Trillion-dollar nation-building project needs policy help
Where will the money come from to allow this country to revive its economic fortunes and, as prime minister Mark Carney promised: “build at a speed, scope and scale not seen in generations.”
An RBC Thought Leadership paper released April 14 sees a $1.8 trillion investment opportunity over 10 years to build the energy infrastructure, manufacturers, mines, processors, agricultural muscle and defence capability to re-establish Canada’s place in the world economy and indeed become the G-7’s growth leader.

The ambitious scenario sees Canada becoming an energy leader with more oil pipelines, liquified natural gas export terminals, increased oil production and carbon sequestration.
That comes with a price tag of $705 billion.
An industrially competitive net zero electricity grid costs $605 billion to double generation with nuclear and renewable power and an expanded “smart” grid.
The agriculture and food scenario sees $205 billion spent on productivity gains through new technology, research and greater processing. Canada regains its position as the world’s fifth largest food exporter.
Mining sees a $200 billion investment.
The buildup of defence manufacturing has a $19 billion cost and space/communications $12 billion.
The scope of the investment is far beyond the funding capability of the government, that is, the Canadian taxpayer.
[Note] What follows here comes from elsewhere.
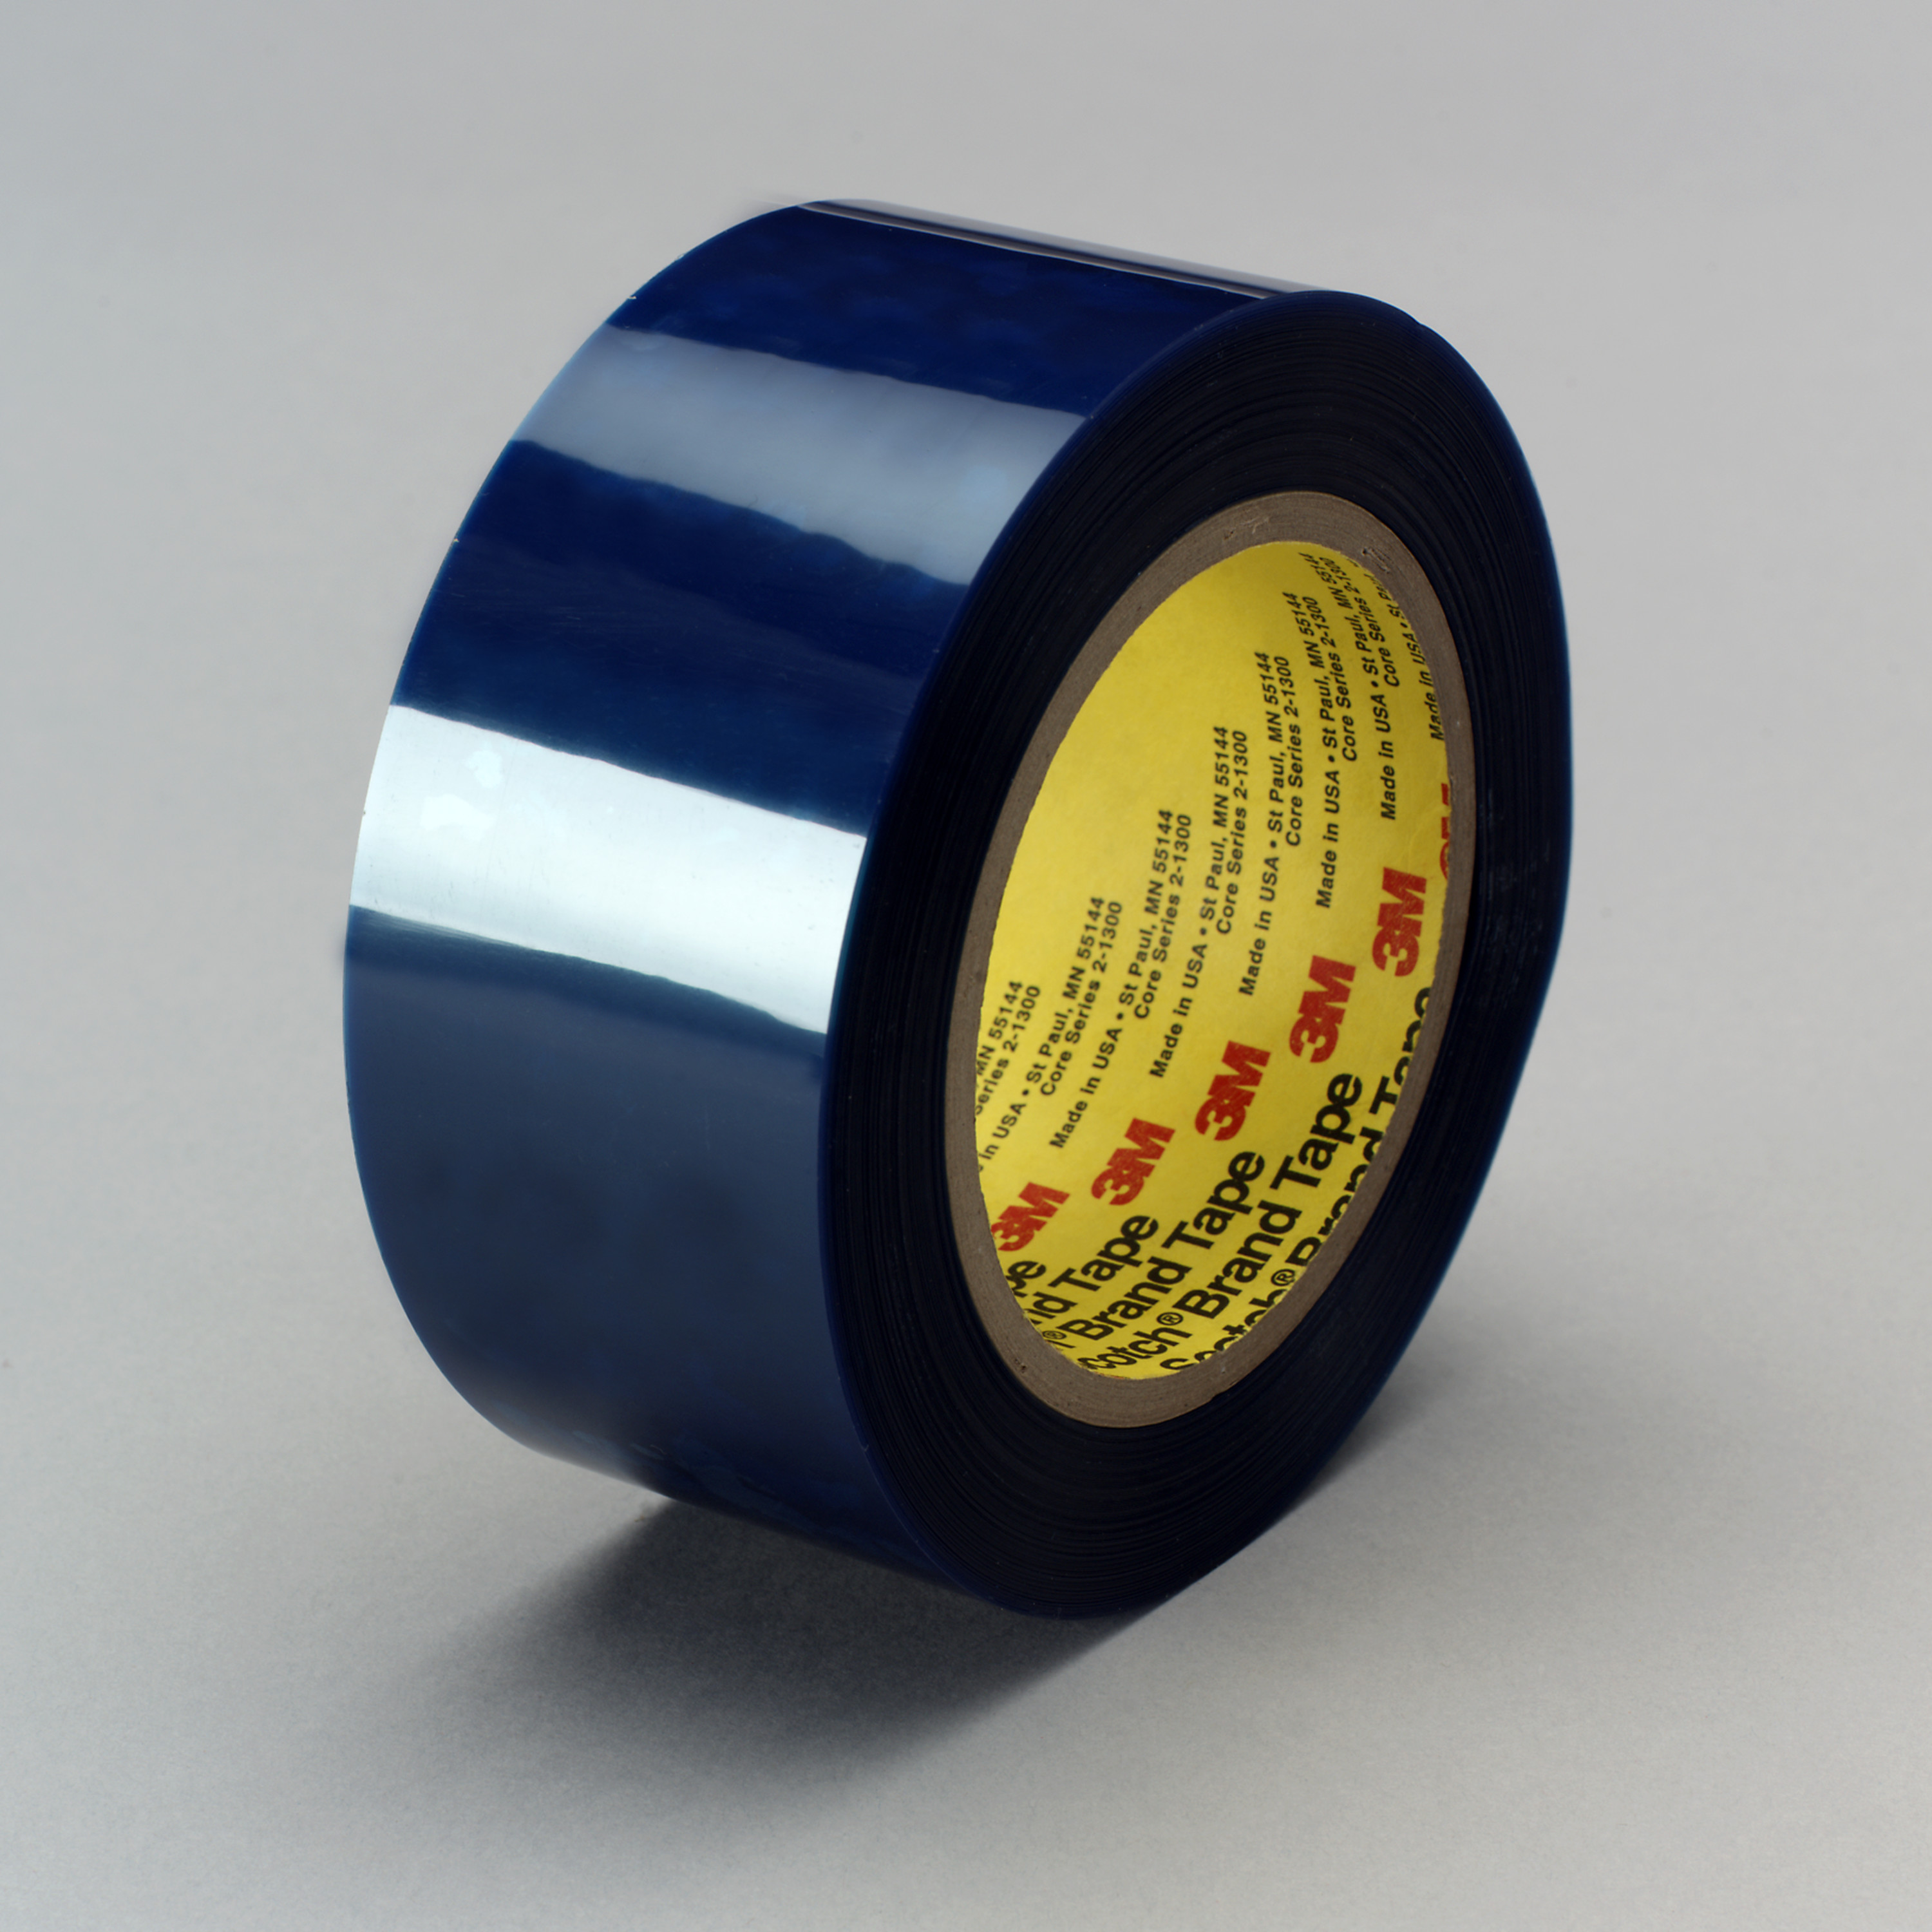 3M™ Polyester Tape 8902, Blue, 6 in x 72 yd, 3.4 mil, 4 rolls per case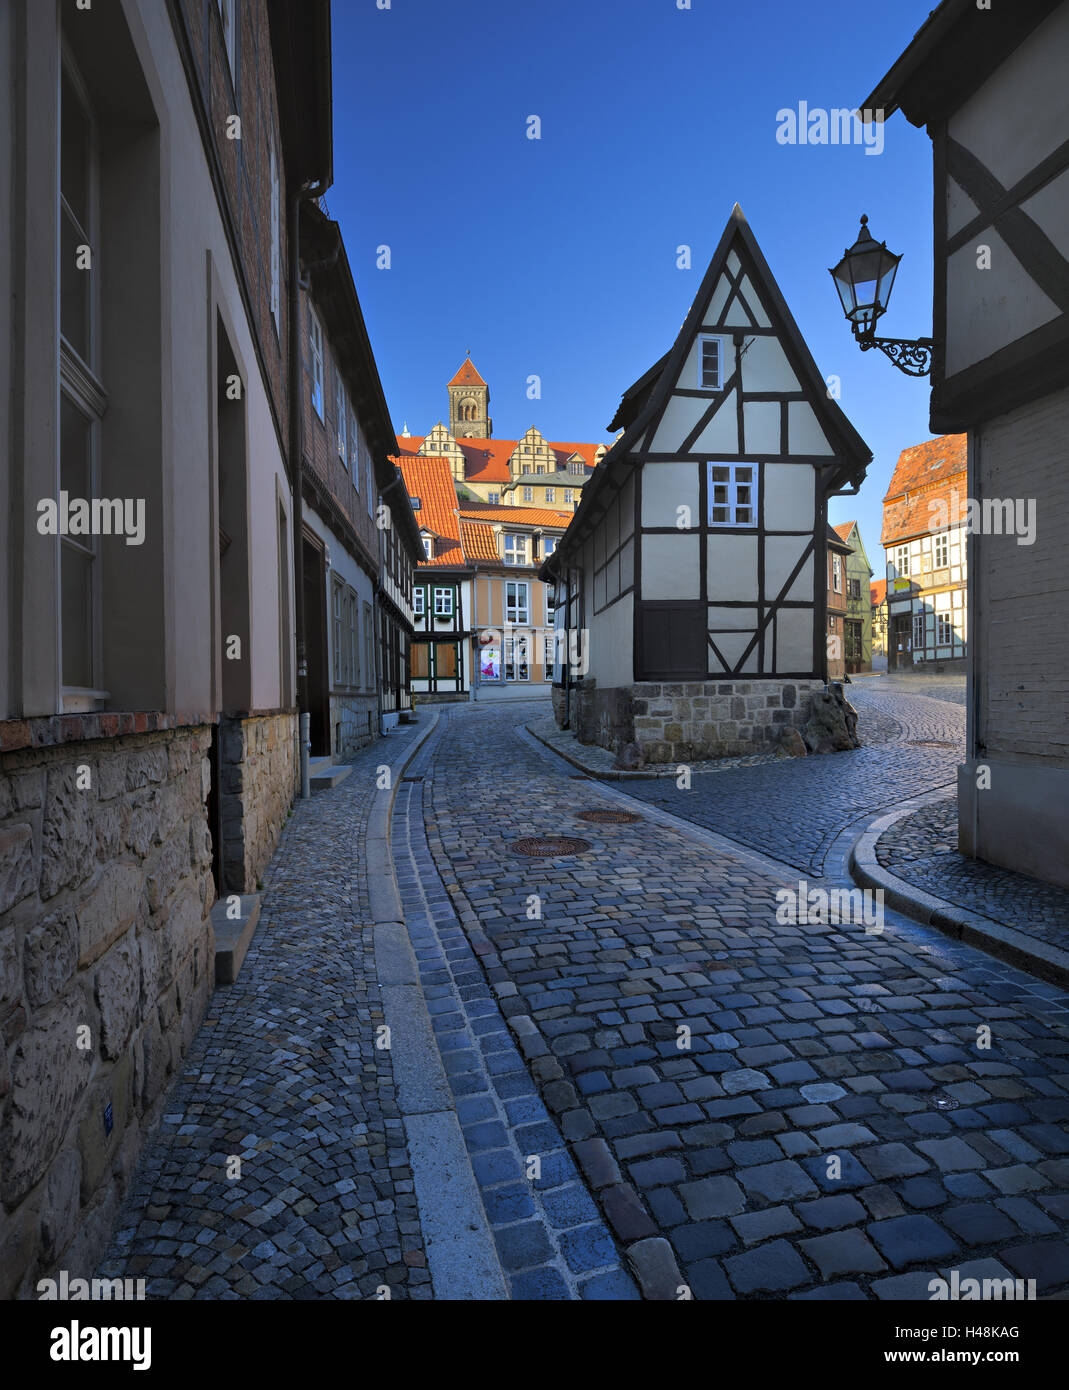 Germany, Saxony-Anhalt, Quedlinburg, old town, townscape, Finkenherd, architectural style, half-timbered, alley, narrow, cobblestones, half-timbered houses, town hall, architecture, historical, medieval, Harz, romantical, typical, idyllic, tourism, place Stock Photo

The task requires hundreds of billions of dollars in private money each year, and that means there must be an environment of taxation, regulation and laws that encourages and rewards domestic and foreign investment, from global wealth management entities to pension funds, from banks to credit unions, from sovereign wealth funds and billionaires to everyday workers.
Initiatives in the Liberal government’s November budget, RBC argued, would enable $1 trillion in total investments in Canada over five years.
Carney has travelled the world to talk up the opportunities in this nation-building project.
And on April 17 he announced the “Canada Investment Summit,” which will invite investors, chief executive officers and business leaders from around the world to Toronto this fall.
It is hard to comprehend numbers that start with a “T.” A trillion is 1,000 billion.
However, note that this gargantuan amount is the proposed accumulated investment over years. In the RBC paper, the $1.8 trillion is over 10 years, so averaged out that is $180 billion a year.
RBC says that amount of money is accessible with the right policies.
“Between pension funds and asset managers, Canada is sitting on nearly US$10 trillion in capital,” the paper notes, adding that the global capital pool sits somewhere between $150 to $200 trillion.
“Simply put: there is more than enough capital to power the country’s growth ambitions.”
There is modest hope in noting that last year, for the first time since 2015, there was nearly $100 billion in direct foreign investment in Canada.
RBC notes lots of countries want to reorient their economies, and global competition for capital is intense.
“But (Canada) does have all the traits of an economic leader: a deep talent pool, abundant natural resources, political stability and the rule of law,” RBC said.
Its paper sets out two growth scenarios.
The first forecasts capital needs if Canada stays with current policies and investment pattern.
In that scenario, we stay at close to $100 billion a year, with a sum over 10 years of $1.1 trillion.
It calls the other scenario the “step change,” with a total investment of $1.8 trillion thanks to purposeful national strategy, federal-provincial co-ordination and targeted investment.
RBC’s agri-food vision has less specific goals than oil and gas with its pipelines and LNG terminals.
It talks broadly of more investment in research and technology adoption.
For more detail, it refers to another RBC paper from February 2025 that can be found here.

That paper notes Canada fell from the number five world food exporter around 2000 to number seven now, bumped down by China and Brazil.
A paper by MLT Aikins, which can be found here, dives deeper into the unique investment needs of agri-food projects.
For example, food processing startups reach pilot plant status but then can’t find the tens of millions need for commercial production.
They need tailored regulatory frameworks and specific sector knowledgeable investment expertise to get to the next stage.
The paper says that a first step in this direction is Farm Credit Canada’s convening of a coalition of more than 20 investment organizations prepared to deploy up to $5 billion into agriculture and food by 2030. That is on top of $2 billion FCC has.